Да, набат, неистовый набатный звон повсюду, со всех колоколен, во всех приходах, во всех деревнях. Но ничего не было слышно.
Объяснялось это дальностью расстояния, скрадывавшего звук, а также и тем, что морской ветер дул сейчас с противоположной стороны и уносил все шумы земли куда-то вдаль, за горизонт.
Зловещая минута — круговой, бешеный трезвон колоколов и ничем не нарушаемая тишина.
Старик смотрел и слушал.
Он не слышал набата, он видел его. Странное чувство — видеть набат.
На кого же так прогневались колокола?
О чем предупреждал набат?
III
КОГДА БЫВАЕТ ПОЛЕЗЕН КРУПНЫЙ ШРИФТ
Кого-то выслеживали.
Но кого?
Трепет охватил этого поистине железного человека.
Нет, только не его. Никто не мог догадаться о его прибытии сюда; невозможно даже предположить, что уже успели известить представителей Конвента; ведь он только что ступил на сушу. Корвет пошел ко дну раньше, чем хоть один человек из экипажа успел спастись. Да и на самом корвете только дю Буабертло и Ла Вьевиль знали его подлинное имя.
А колокола надрывались в яростном перезвоне. Он снова оглядел все колокольни и даже машинально пересчитал их, не в силах ни на чем сосредоточить мысль, отбрасывая одну догадку за другой, в том состоянии смятения чувств, когда глубочайшая уверенность вдруг сменяется пугающей неизвестностью. Но ведь бить в набат можно по разным причинам, и старик мало-помалу успокоился, твердя про себя: «В конце концов никто не знает о моем прибытии, никто не знает моего имени».
Вот уже несколько минут откуда-то сбоку и сверху доносился легкий шорох. Словно на потревоженном ветром дереве зашуршал лист. Сначала старик даже не поглядел в ту сторону, но так как шорох не смолкал, а как будто нарочно старался привлечь к себе внимание, он обернулся. Действительно, это был лист, но только лист бумаги. Ветер пытался сорвать с дорожного столба большое объявление. По всей видимости, его приклеили лишь недавно, так как бумага еще не успела просохнуть, и ветер, играя, отогнул ее край.
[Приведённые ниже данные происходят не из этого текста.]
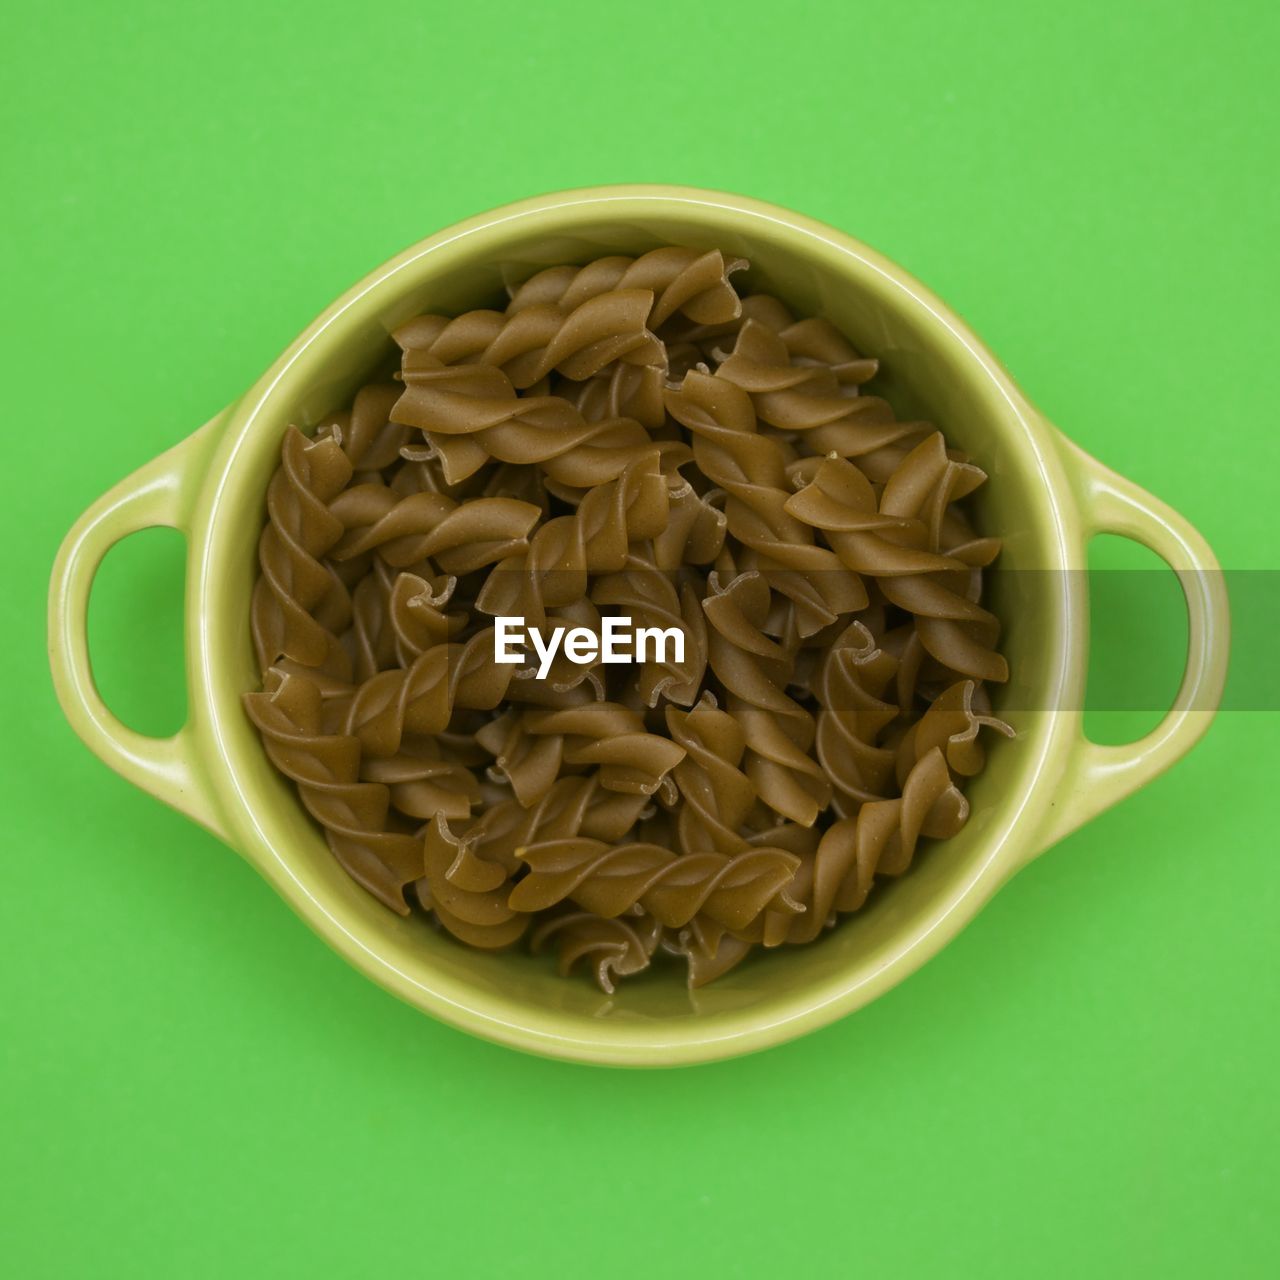 Green fusilli pasta in a green bowl on green background

Старик подымался на дюну с противоположной стороны и поэтому не заметил раньше объявления.
Он влез на тумбу, где только что спокойно отдыхал, и прихлопнул ладонью угол объявления, которое отдувало ветром. Июньские сумерки не сразу сменяет ночная мгла, и по-вечернему прозрачное небо лило свой бледный свет на вершину дюны, подножие которой уже окутала ночь; почти весь текст объявления был набран крупным шрифтом, еще различимым в наступающих потемках. Старик прочел следующее:
«Французская республика, единая и неделимая.
Мы, Приер из Марны, представитель народа при береговой Шербургской республиканской армии, приказываем: бывшего маркиза де Лантенака, виконта де Фонтенэ, именующего себя бретонским принцем, высадившегося тайком на землю Франции близ Гранвиля, объявить вне закона. Голова его оценена.
Доставивший его мертвым или живым получит шестьдесят тысяч ливров. Названная сумма выплачивается не в ассигнатах, а в золоте. Один из батальонов Шербургской береговой армии незамедлительно отрядить на поимку бывшего маркиза де Лантенака. Предлагаем сельским общинам оказывать войскам всяческое содействие. Дано в Гранвиле 2 сего июня 1793 года. Подписано
Приер из Марны».
Ниже этого имени стояла вторая подпись, набранная мелким шрифтом, и разобрать ее при угасающем свете дня не представлялось возможным.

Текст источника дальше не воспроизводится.